Question. Dr. Fauci, many of the diseases for which your Institute is responsible affect minorities disproportionately. Can you tell us what special efforts you are making to address minority health issues?
Answer: The mission of NIAID covers several diseases which disproportionately affect minorities. Toward this end, NIAID is striving to develop programs directed at certain health problems, such as asthma, sexually transmitted diseases, systemic lupus erythematosus, and kidney disease, as they affect minorities, to enhance minority health resource development, and to increase the participation of minority patients, investigators, and institutions in NIAID-sponsored research.
Systemic lupus erythematosus (SLE) is a chronic, autoimmune disorder which is three times more prevalent among Blacks than among Whites, with 1 in every 250 Black women between the ages of 15 and 64 having SLE. The NIAID supports basic research on the auto-antibodies associated with SLE. The research focuses on developing diagnostic tools for identifying these auto-antibodies and understanding what stimulates their production.
In response to the recent concern about the increase in mortality and morbidity rates for Asthma, especially in urban pediatric populations, the NIAID initiated the National Cooperative Inner-City Asthma Study. The two phase multicenter trial was launched in February of this year with awards made to eight universities across the United States. The study will attempt to identify factors contributing to the increased incidence of asthma in these children.
The current sexually transmitted diseases (STDs) epidemic in the United States disproportionately affects minorities.

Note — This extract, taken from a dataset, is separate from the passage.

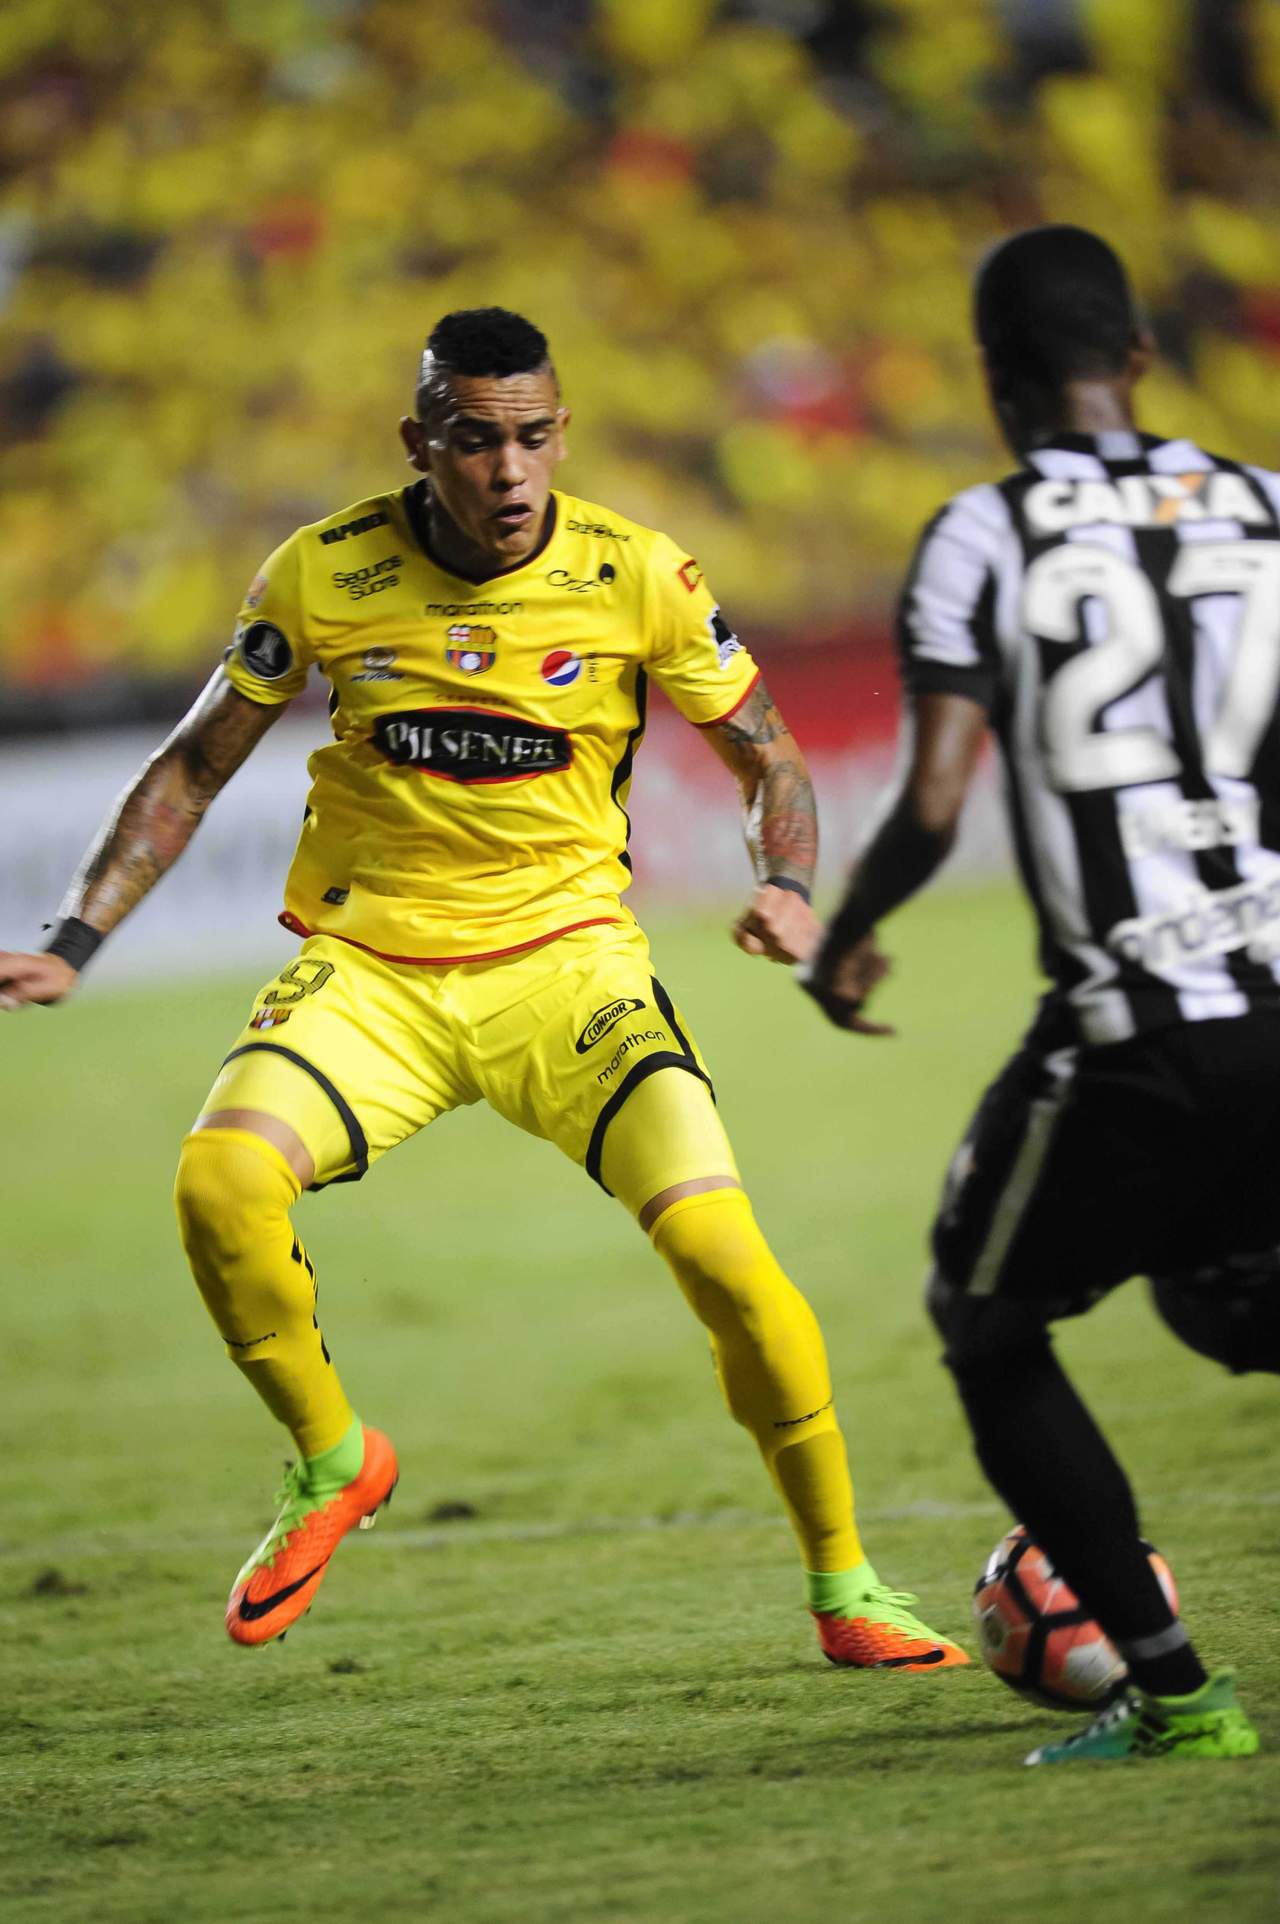 El atacante juega actualmente para el Barcelona de Guayaquil en Ecuador.

Both the incidence of STDs and the effect of their long-term and, sometimes, life-threatening sequelae are consistently higher among minorities than among Whites. In April, 1990 NIAID sponsored a workshop that generated recommendations for approaching this serious health problem. The recommendations from this workshop have been incorporated into a recently issued Request for Applications to fund STD Cooperative Research Centers in FY 1991. NIAID also supports basic research related to human papillomavirus, cytomegalovirus, and pelvic inflammatory disease. We also sponsor research involved with the development of vaccines against STDs since prevention against infection is preferred to treating infections that are becoming more drug resistant.
Because the population now most at risk for AIDS has changed from homosexual men to women, children and intravenous users and their partners, the NIAID initiated the Women and Infants Transmission Study (WITS) and the Heterosexual AIDS Transmission Study (HATS) as well as the Maternal Factors Influencing Perinatal Transmission of HIV Infection (Newark Perinatal Study).

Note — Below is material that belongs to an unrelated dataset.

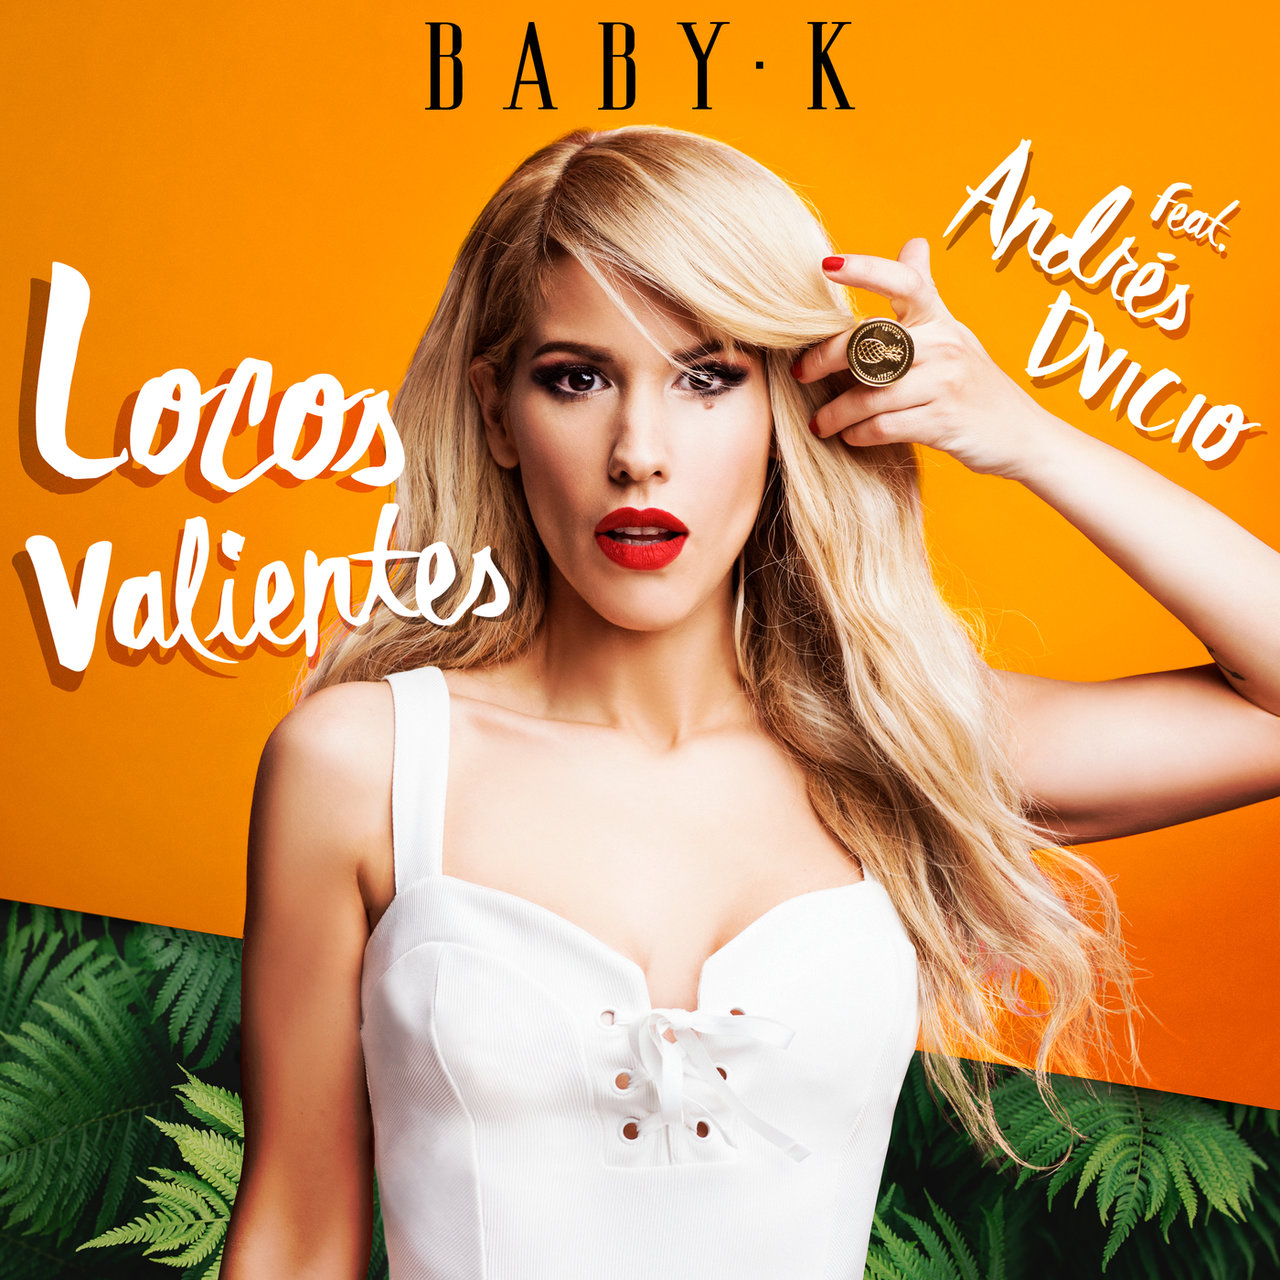 Baby K featuring Andrés Dvicio — Locos Valientes cover artwork

Our Intramural program is currently exploring the development of a collaborative clinical trial with Howard University Medical School to study minority populations infected with HIV.
We are also heavily involved in providing materials to educate community physicians regarding treatment updates for asthma; alerting them to clinical trials that they can refer patients to; and fostering information exchange and conducting state-of-the-art meetings regarding AIDS treatment and research.
CHRONIC FATIGUE SYNDROME
Question. Please summarize what is currently known about possible causes of chronic fatigue syndrome. Is the HTLV-1 virus a probable culprit in some cases?

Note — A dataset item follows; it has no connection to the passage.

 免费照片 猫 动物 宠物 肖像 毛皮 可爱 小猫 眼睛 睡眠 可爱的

Answer. There have been several hypotheses about possible causes of Chronic Fatigue Syndrome (CFS). Because patients often cite a "flu-like" illness as a precipitating factor, the possibility that an infectious agent might be the cause has been explored. At a recent CFS workshop sponsored by the NIAID and the NIMH there was increasing discussion of the possibility that there may be multiple causes. Thus, any one of several types of injury to the body--such as infection, emotional stress, or toxic environmental exposure-might serve as a "trigger" for the syndrome in susceptible individuals. If this hypothesis is true, the triggering agent might be different at different times and in different places, confounding attempts to identify a single cause.
Manifestation of the syndrome is thought to be multifactorial as well. Depending upon the nature of the trigger and the genetic background of the individual, manifestation of the syndrome might vary. This would explain why specific immunological or hormonal irregularities found in some patients might not be found in others. Viewed as a whole, the laboratory and clinical findings to date suggest that the syndrome may become manifest because of differences in neuroendocrine and immunological responsiveness in CFS patients. Viral reactivation may play a role in the establishment and/or maintenance of the symptom complex.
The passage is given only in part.